October 30 2013
By Joe Dillon, Instructional Coordinator for Educational Technology, Aurora Public Schools; Denver Writing Project
The week of December 9 – 15th is Computer Science Education Week and this year Code.org aims to have 10 million people engage in an Hour of Code to promote computer science education. In Aurora Public Schools (APS), middle and high school technology teachers will highlight the work of students who are learning to design video games in a project called Scalable Game Design, a research effort from the University of Colorado at Boulder’s Computer Science and Education departments.
With Scalable Game Design students gain their first exposure to coding by building a game patterned after Frogger, the classic arcade game. With Frogger as a model, or a mentor text, students create the graphics and program the game in a few days. After completing a Frogger-like game, students have the familiarity with Agent Sheets, the programming software, and the design approach of building a game by first studying a professional model and other student models.

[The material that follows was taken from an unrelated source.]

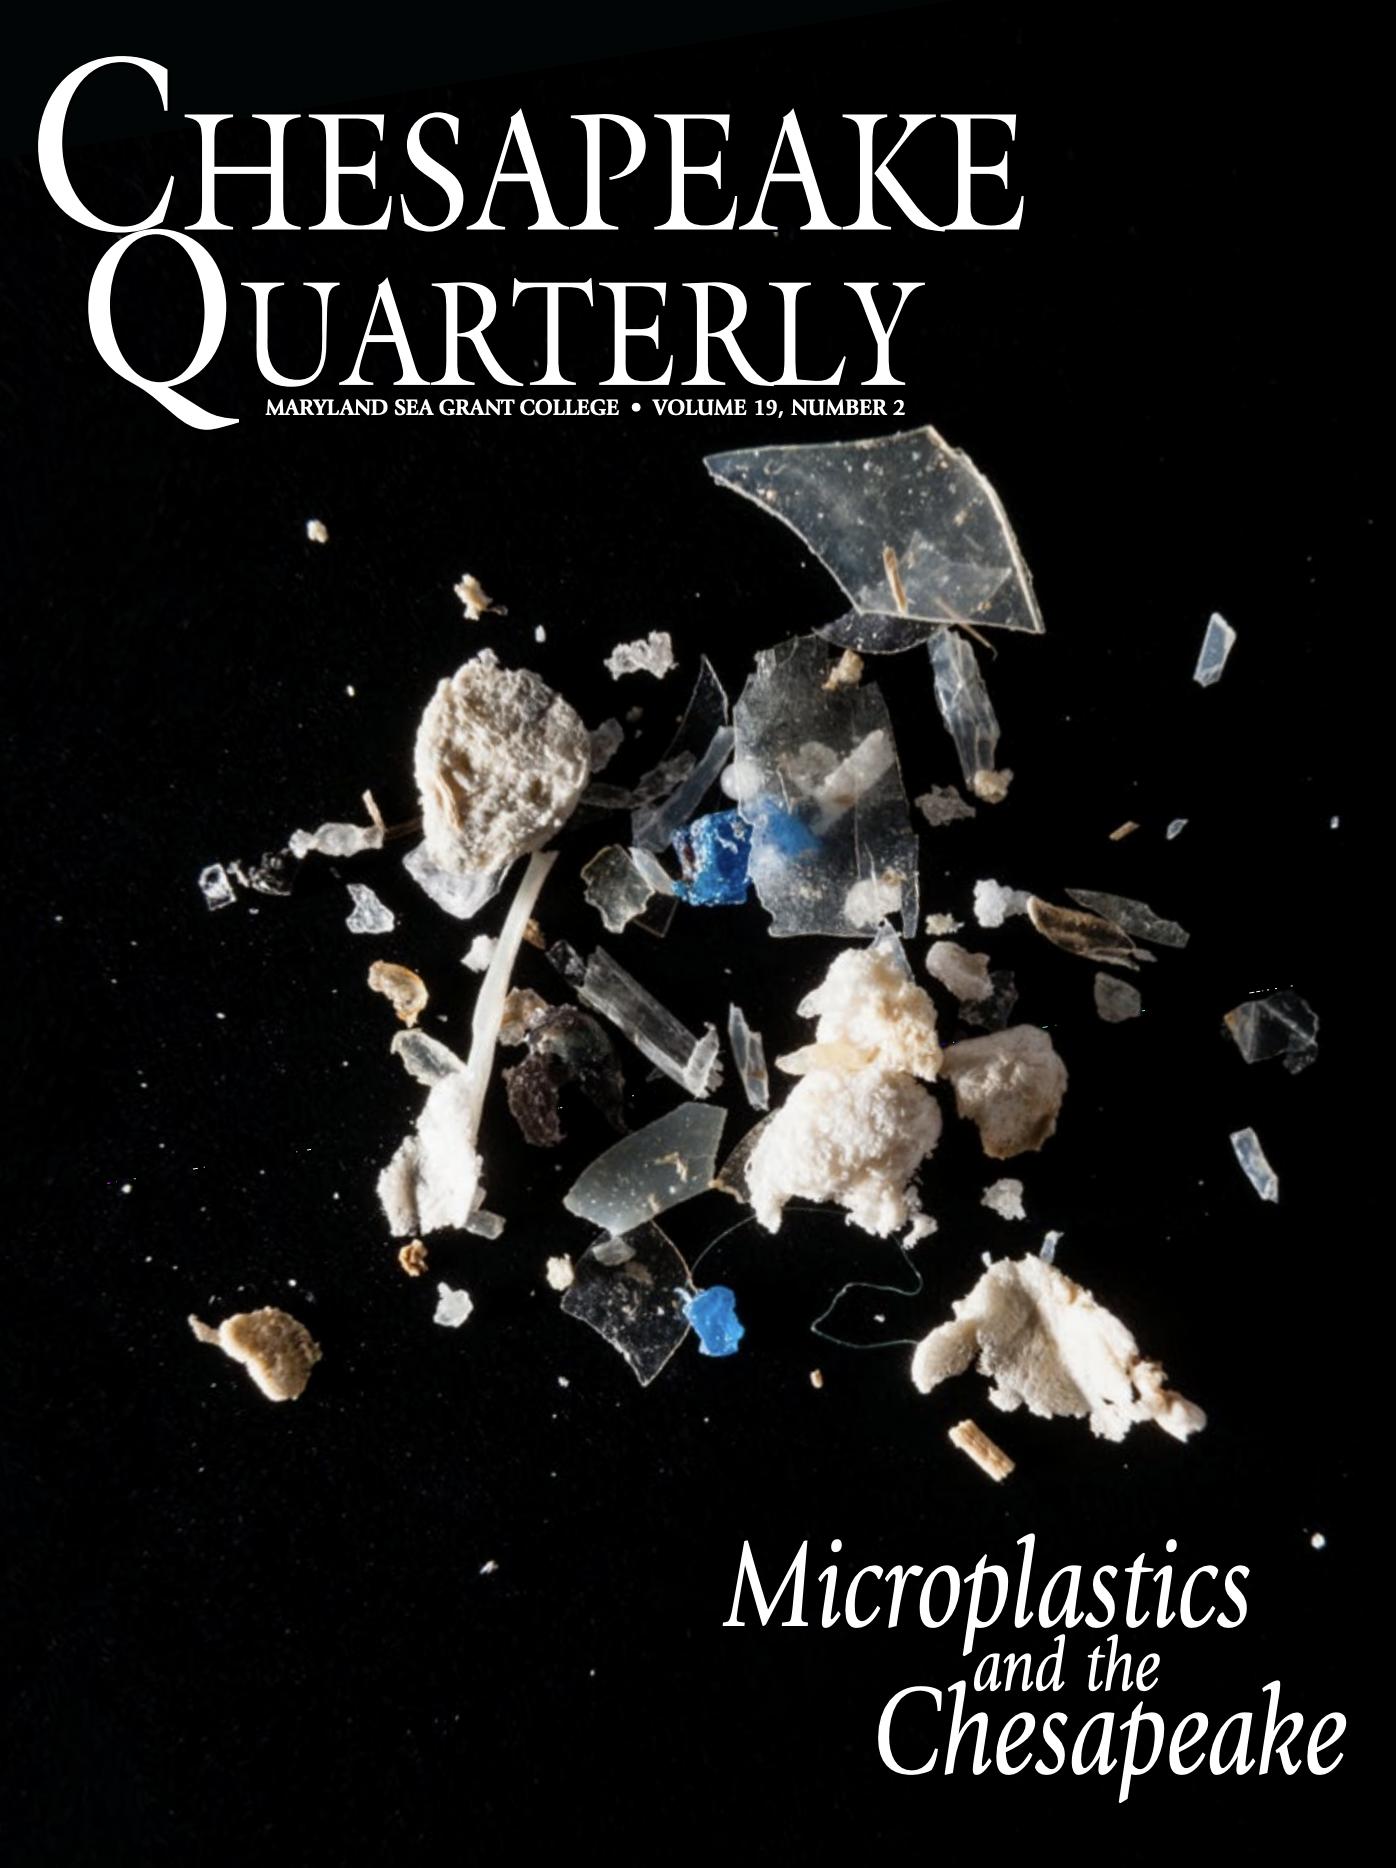 cover of Chesapeake Quarterly

The research side of the project aims to first study the interest level of students in designing and programming games after completing just one design. Instead of taking traditional approaches to computer science education that have historically served a small set of mostly male students who self-select computer classes, Scalable Game Design aims to also hook girls and students of color by exposing larger numbers of students to accessible, engaging programming projects. The hope is that instead of seeing programming as boring and hard, which research shows is the majority of students’ opinion of programming, students will find game design rewarding and fun while they develop computational thinking and gain the skills needed to build increasingly sophisticated games and simulations.
In Thursday’s Educator Innovator webinar, we’ll hear from APS teachers who have implemented game design in their classroom as well as the district technology leaders who hope to see the project grow. They’ll reflect on the successes and challenges that come with supporting students in coding games and simulations, and they’ll share about the role creativity and writing play in their game design instruction.